旭日人都看得很清楚,这样的局面强逼肯定要撞得头破血流,但是这种情况难道能维持很久吗?只看清庭舰队不敢大举反攻便知道,这种保命手段都是有时效性的。
刘步蟾也不敢赌旭日人是否敢于破釜沉舟,清庭舰队后队快速撤退,定鸢与镇鸢两舰押后,幻影战舰虎视眈眈地盯紧了旭日舰队,即便尾本知道在心中不断给自己鼓气,这会儿他也不敢拿旭日帝国几代人的财富去做赌注!
但是这一战,旭日帝国终究是胜者!整个东方,他们的舰队将横行无忌!
乌翎一言不发地看着那片海域,他仿佛能看到两名男子在对着他挥手,那个大胡子笑眯眯,那个白脸男子神情恬淡,他们的样貌,乌翎忘不了!也不敢忘!
他还有很多事情没有办完!
还有一个人没有得到制裁!
弃战而逃,当诛!
残杀同袍,该杀!
败坏大局,万死!
……
当天边第一缕阳光照亮大莲军港的时候,还有些睡眼惺忪地驻港士兵立刻精神了起来。
不为别的,港口驶进来的大大小小的战舰让他不得不挺直身板,只是眼睛不住地乱瞟,同时心里嘀咕:怎么回来的都这么少了?好像很多熟面孔都找不到了!
他们努力眺望,但是随着日头升高,再看不到其他军舰回来,这个时候再看不出其中的关节,这些老兵油子也不配在这里混饭吃了。
这样的局面换谁看都是惨败了!
即便胜了,怕是也没脸吹嘘吧?这可是世界第九海军!
旭日帝国算什么东西?几千年来都是东方的附庸!
然而事实摆在眼前,一队队水兵互相搀扶着走上岸,还有大批抬着担架盖着白布的士兵垂着脑袋,最后还有一路捧着衣冠的士兵,这样的队伍,根本找不到一丁点士气!
刘步蟾踏上岸的第一件事就是寻找济鸢舰!
方博谦端的是好手段!
转进之事绝不落于人后!
济鸢舰当时也是躲藏在众舰身后,才能安然无恙逃出的,而且为了躲避问责,济鸢舰“一骑绝尘”,开进大莲军港后,一众水兵浑浑噩噩,而济鸢舰管带、帮带却消失不见了!
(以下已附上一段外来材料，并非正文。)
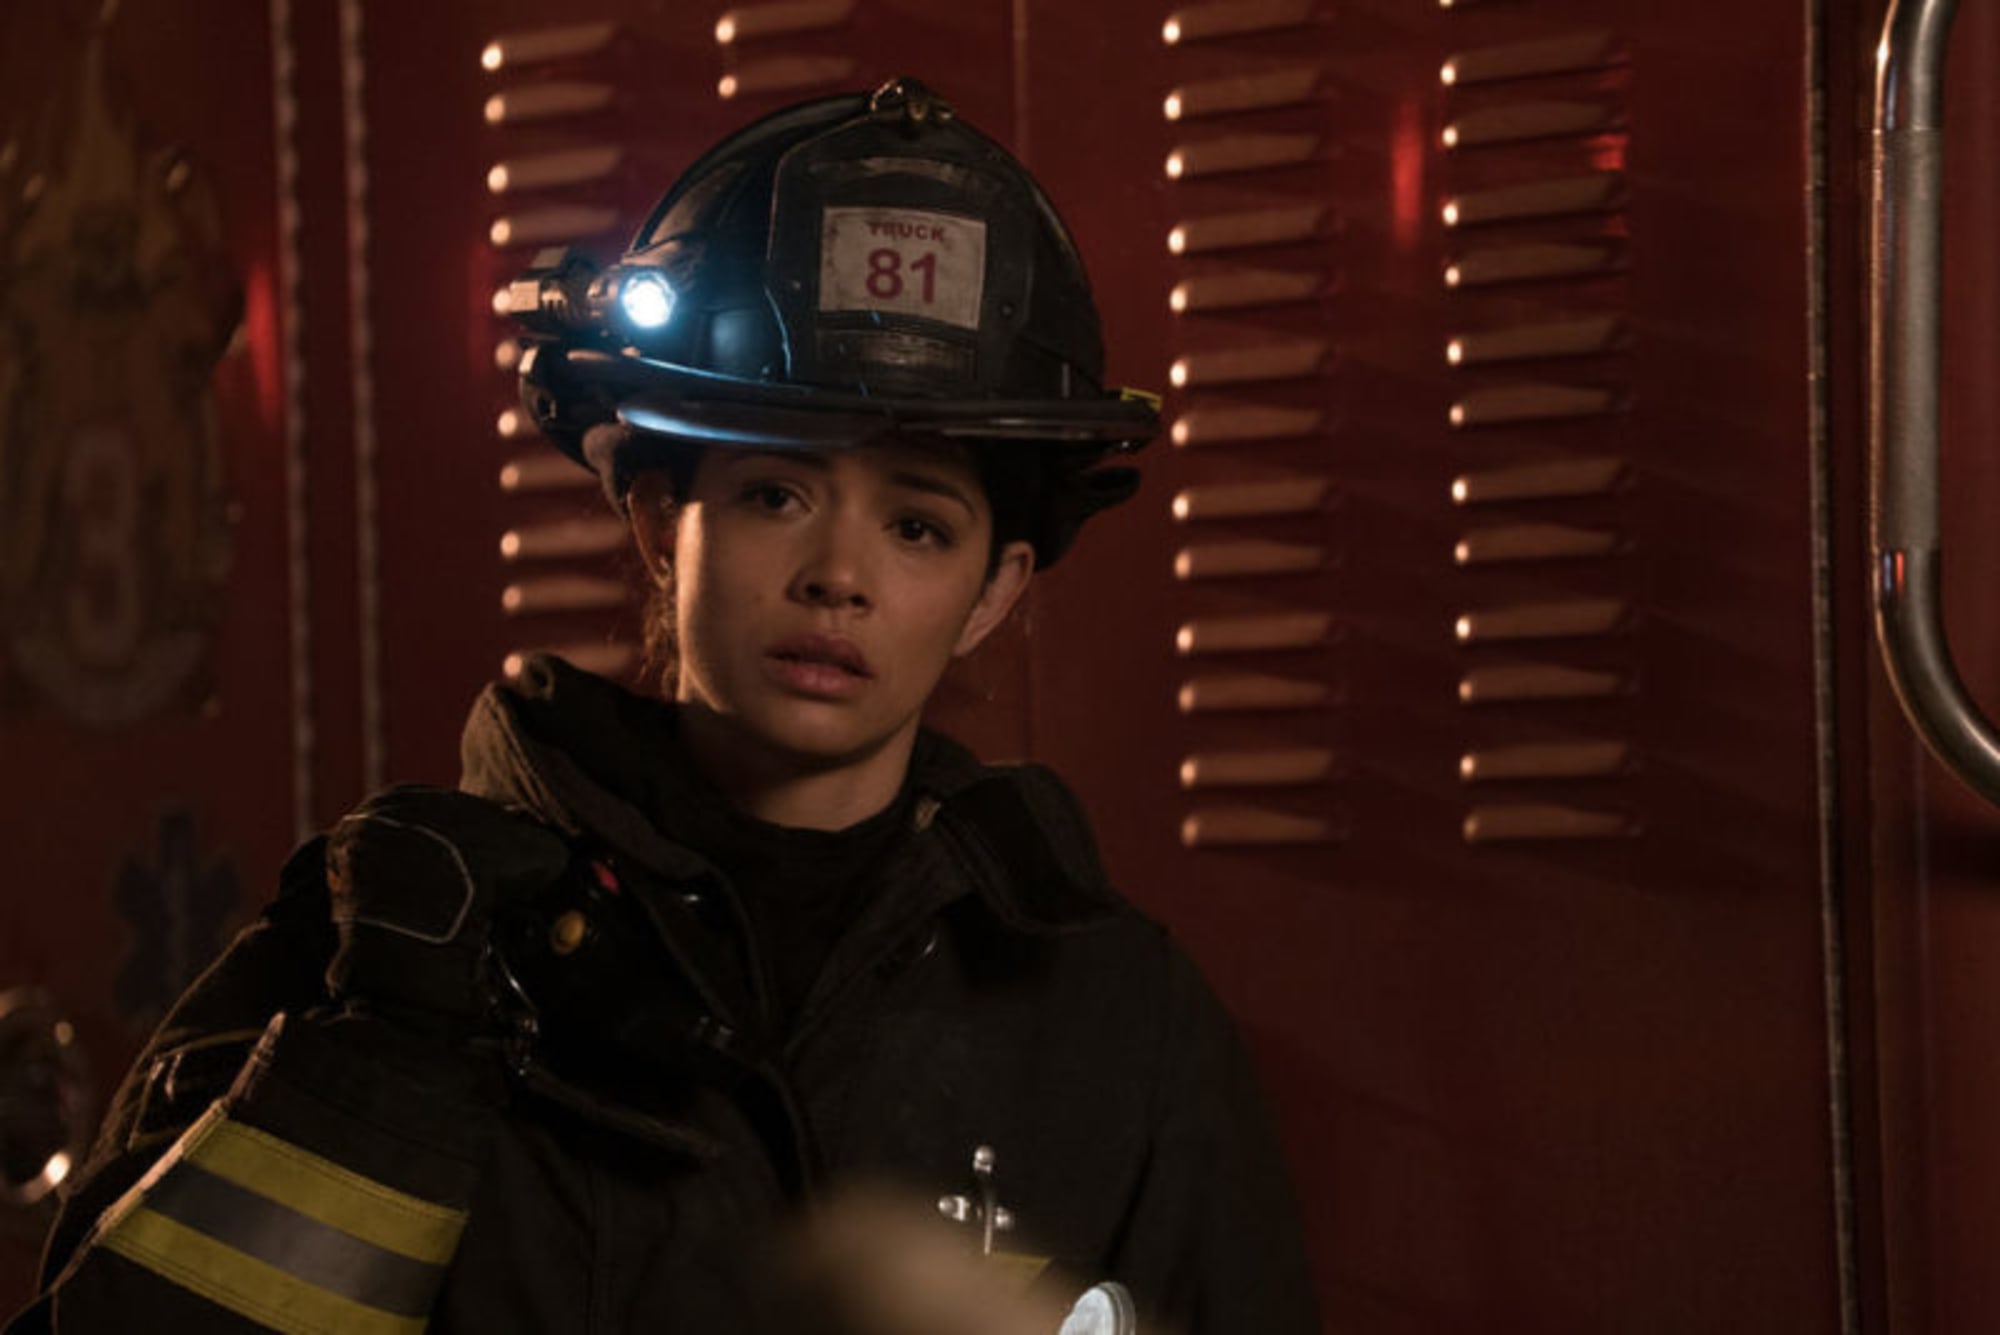 Chicago Fire Season 5 Episode 16 Synopsis Telling Her Goodbye

刘步蟾大怒,将方博谦临阵脱逃之事上报海军衙门,同时下令全城大锁,捉拿案犯!
乌翎自己都不清楚自己是怎么走下定鸢舰的,他现在闭上眼就能想要智鸢舰被毁的那一幕,心中就会有怒火腾起!
……
“方管带!方管带!我们怎么办?”吴敬荣神色慌张,整个身子都缩在窗下,时不时探头往外看,然后又飞快地把脑袋缩回来。
方博谦和他的大副以及广甲舰管带吴敬荣三人躲在大莲城内一间民房内。
民房的主人是个浮浪子,给了两个钱就欢天喜地地去喝酒了,根本不关心这些人是谁。
方博谦沉着个脸,双手骨节发白,整个人身子靠在屋内的床脚上,身边还有一个箱子。
“我就知道,就知道这样会出事!”那名帮带喃喃自语,脸上满是绝望之色。
方博谦一脚蹬在他腰上,把他踹了个踉跄。
“妈了个巴子!这个时候逼逼赖赖,早干嘛去了?当时别跟着老子跑啊!有种学那邓世昌把命赔了?”方博谦气急败坏地从地上站起来,揪住那帮带的衣领子,低声骂道。
“不是,我……我不是这个意思,我都听您的,听您的!”那管带哀求道。
吴敬荣从旁劝道:“方管带这个时候就不要再内讧了!现在还是想想办法怎么尽快逃离此地吧!”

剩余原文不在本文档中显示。